We have all certainly become somewhat accustomed to managing a strange life in the midst of a global pandemic. There is no normal, but schools are back in session, travel has increased, and activity, in general, is having a revival.

Challenges from battling the coronavirus have met some resistance lately as supply chains try to function effectively and with more urgency than ever, plus we have seen rescue packages and measures put forth to alleviate the economic pain all of this uncertainty has caused. Much of the burden for the virus has been laid on China and its wet markets, but the search for a culprit and race to recover hurt global medical cooperation.

Indeed, much of the responsibility in the fight against COVID-19 has been bestowed upon the hands of national authorities rather than a global health organization, thus the disparity in efforts and success in handling the disease and its toll. Experts seem to have emerged in their respective countries, but there has been very little in terms of a global force to put together best practices other than the sanitation of the hands and wearing of masks.

We shall see if in September, as fears of a more devastating second wave build-up, nations do more to assist one another and build a consensus on how to move forward to foment travel and free trade without limits based on health.

Monetarily, they all seem to agree that an easy financial environment shall be fed in order for any progress out of the virus rut to continue. We will likely hear from monetary authorities when they meet this month that indeed interest rates cannot be lifted until serious improvement happens for a prolonged period of time.

In the latest discussion from Jerome Powell, head of the Federal Reserve, the role of the central bank may be tweaked to assess if there is a healthy level of employment and economic growth, rather than control the level of inflation to keep it at 2.0% or below.

The Fed’s new mandate is the result of the Federal Open Market Committee coming to the conclusion that several, if not all, of the interest rate hikes, voted on post-2015 were unnecessary and may have prevented greater growth in labor and wages. Simply put, interest rates are at 0.25% and it will be a long while until the Fed moves up the needle since they now want to let the economy run hotter and withstanding higher levels of inflation before controlling it via higher borrowing costs.

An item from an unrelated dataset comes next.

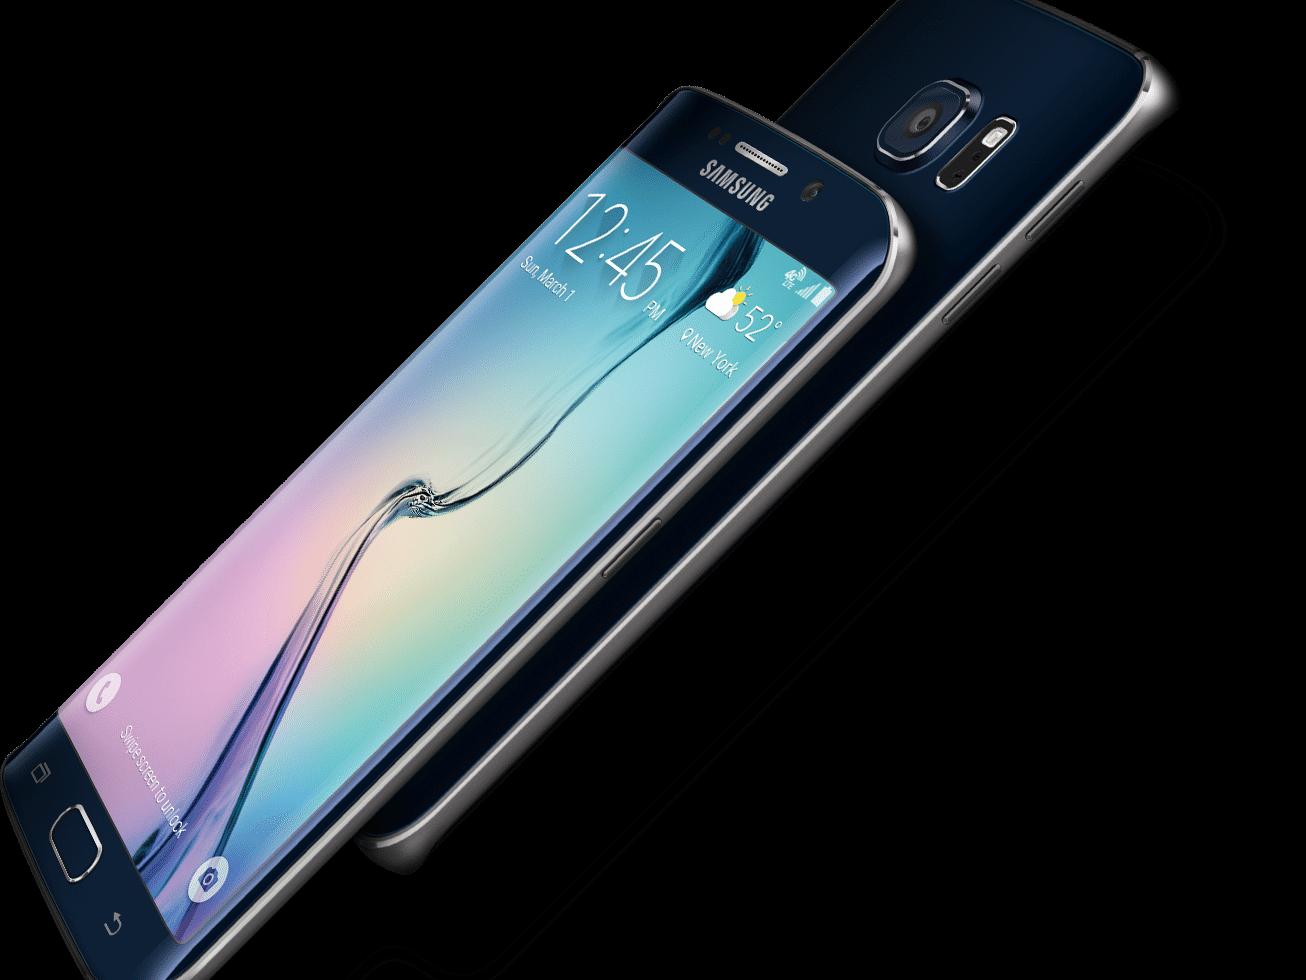 bdd722724d7 Samsung Galaxy S6 Edge+ Smartphone Review - NotebookCheck.net Reviews

Ultimately, this new way of thinking may lead to a long-term effect that plays against the buck’s fortunes and even as a source of yield. The future without interest hikes will lead participants to seek riskier assets with more potential for growth than USD positions. A sixth consecutive month of the downturn could exacerbate loss of safe-haven role.

Meanwhile, the British Pound crushed our expectations for appreciation in August rising as high as 2.35%. Much of this rise in value is due to highly optimistic outlooks for growth in Britain, with experts in Treasury and the government putting their faith in a V-shaped recovery. Nevertheless, we feel that Sterling is being overbought and that not enough attention has been placed on the frustrations emanating from the European Union, which is by now convinced U.K. demands and attitudes have hurt their chances of any fruitful trade agreement.

Bloomberg GBP Chart
GBP happens to be trading around its strongest levels against the dollar since December 2019 per Bloomberg


We believe pressures are adding up on the Pound and that this resurgence will be met with serious downward swings as the Bank of England figures how to stimulate the economy further and considers what a world without EU integration looks like. After so many years of back-and-forth that has led to no resolution, we feel the EU will not attempt to regain its partner and only allow for WTO and other trade rules to apply along with restrictions.

On the other hand, the numbers from Purchasing Managers Indices and Retail Sales throughout the European continent have established a high level of confidence among business owners and even consumers. The Euro has gained ground as means of payment for Chinese and Russian imports/exports, only adding to the idea that the shared currency may become more utilized over the buck as years roll. We see no need to hit the brakes.